## What you need to do
Print the data once more, exactly as given. Drop the pictures.

## Data section
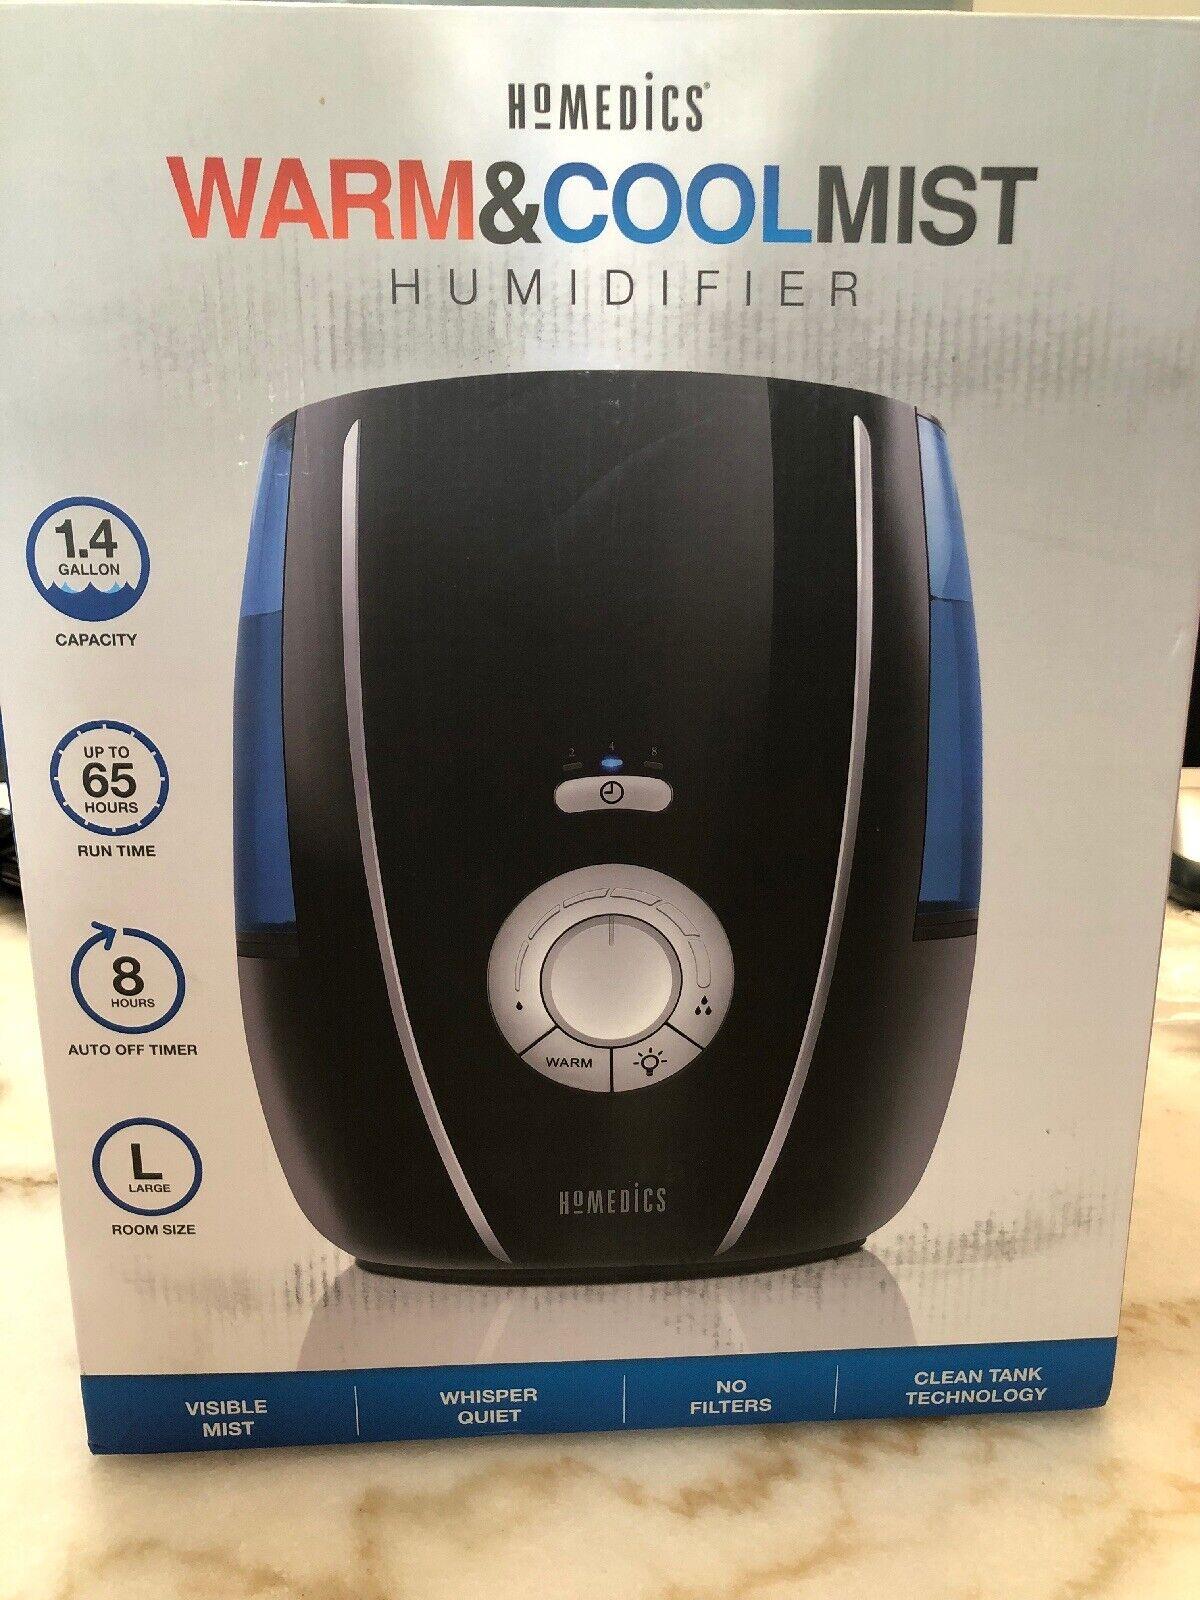 HoMedics Warm & Cold Mist Humidifier, UHE WM80 1.4 gallon
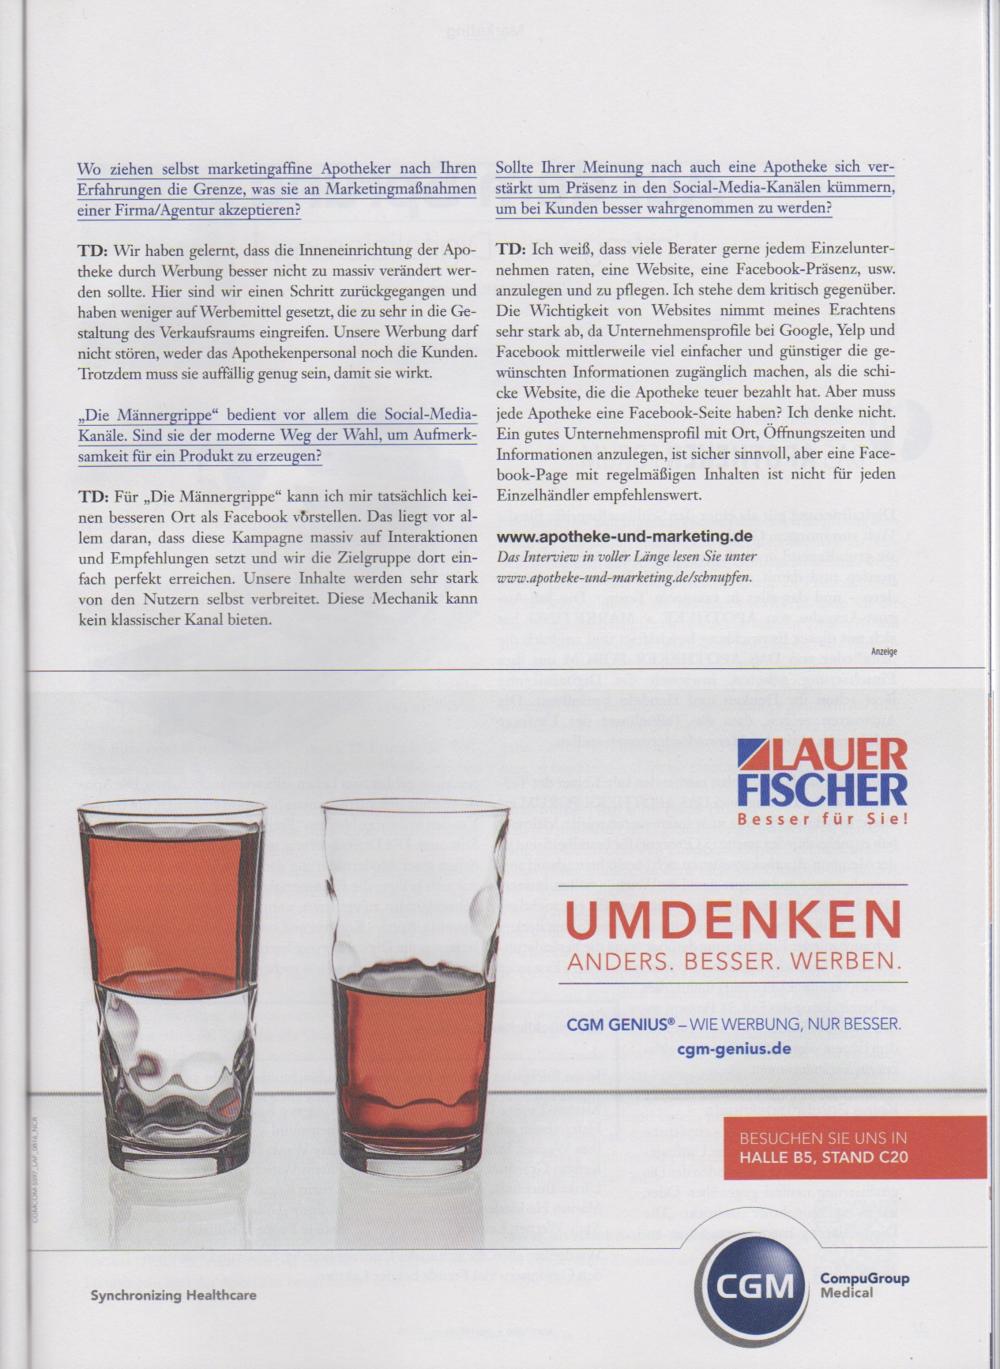 Apotheke_und_Marketing_3.png
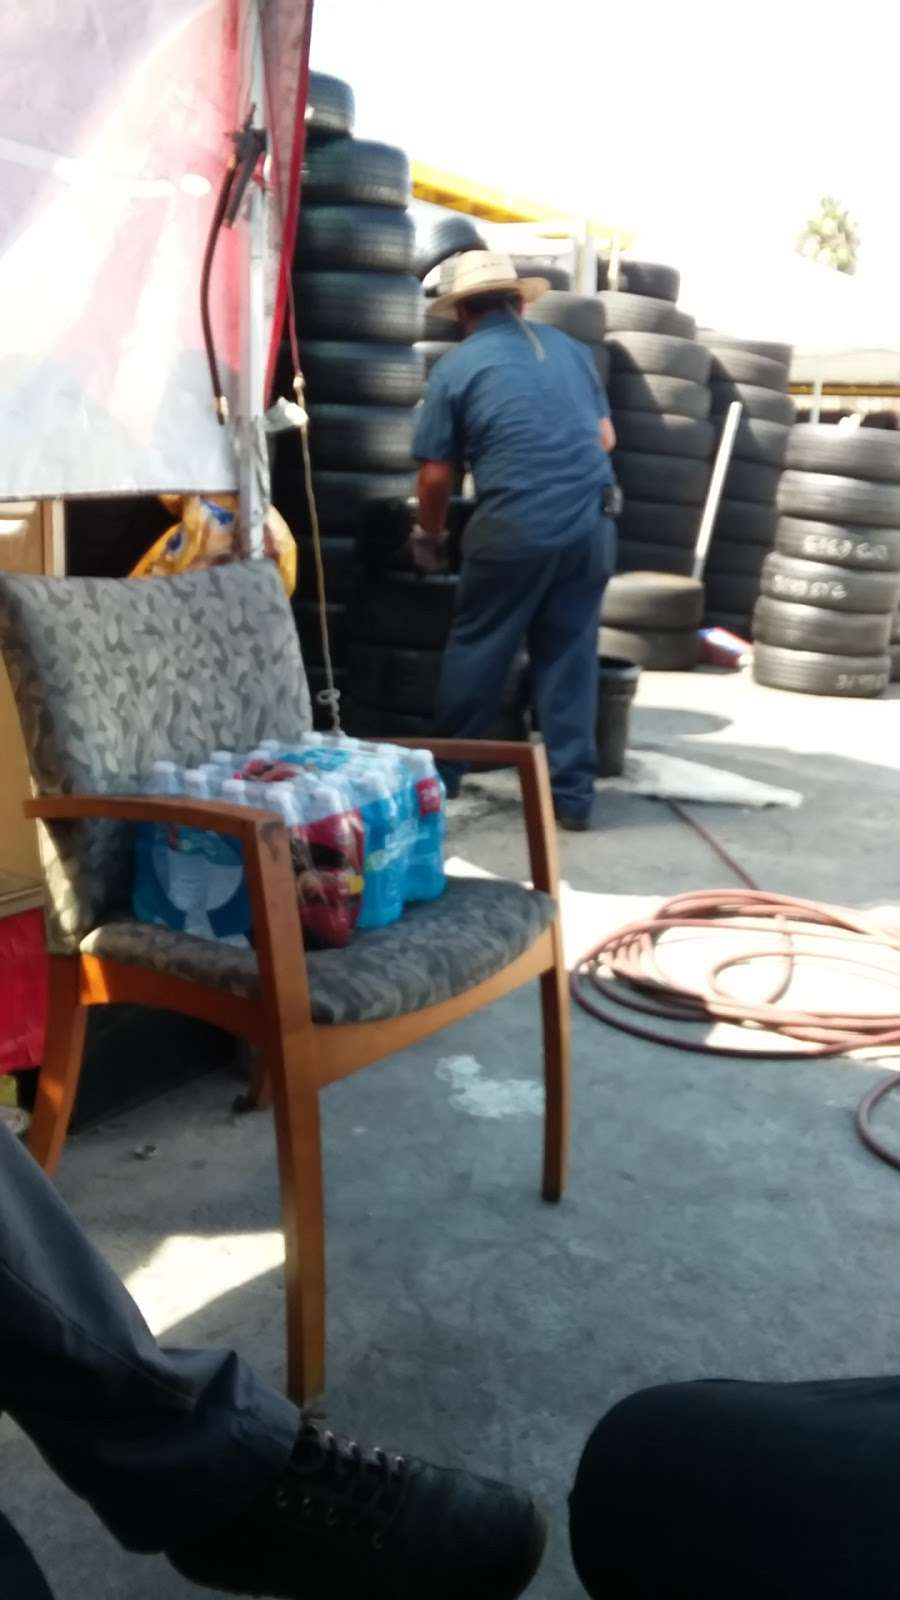 Leon Tires & Wheels - car repair  | Photo 6 of 10 | Address: 8431 S Main St, Los Angeles, CA 90003, USA | Phone: (323) 456-5405
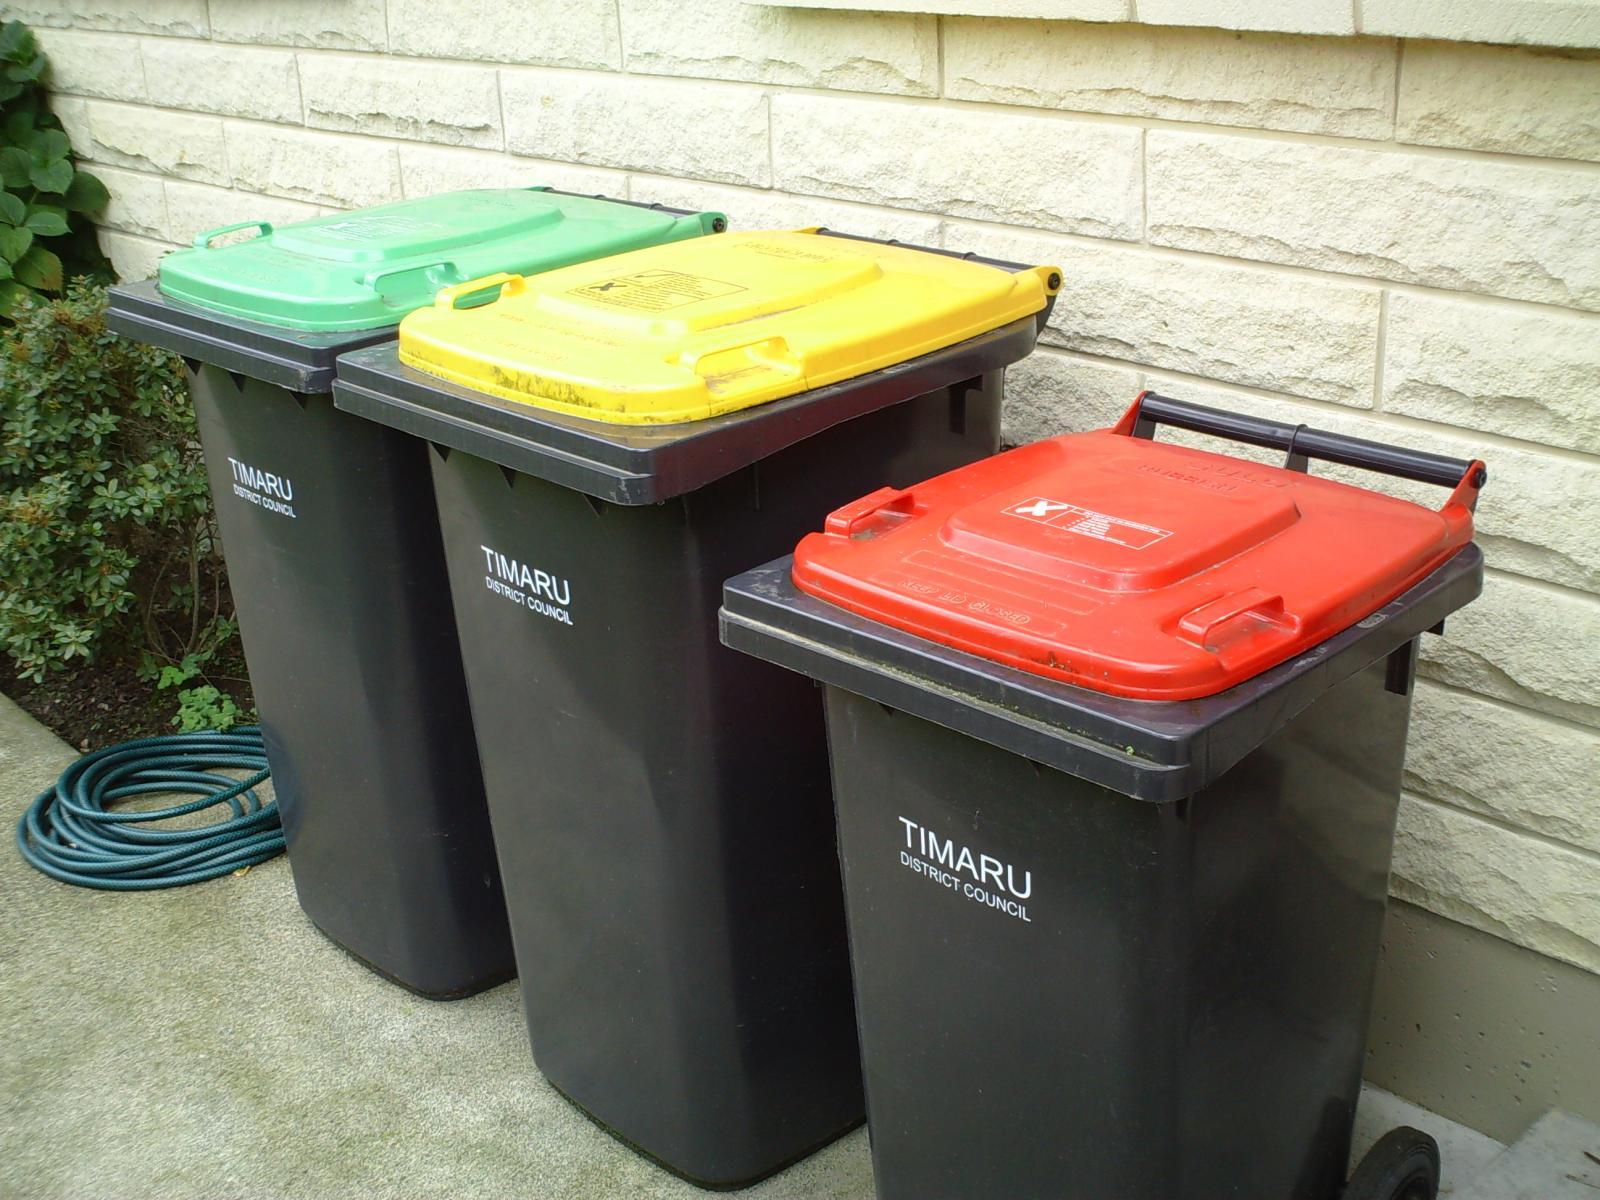 filerubbish and recycling bins trash cans in new zealandjpg

## Solution to this exercise
 HoMedics Warm & Cold Mist Humidifier, UHE WM80 1.4 gallon
 Apotheke_und_Marketing_3.png
 Leon Tires & Wheels - car repair  | Photo 6 of 10 | Address: 8431 S Main St, Los Angeles, CA 90003, USA | Phone: (323) 456-5405
 filerubbish and recycling bins trash cans in new zealandjpg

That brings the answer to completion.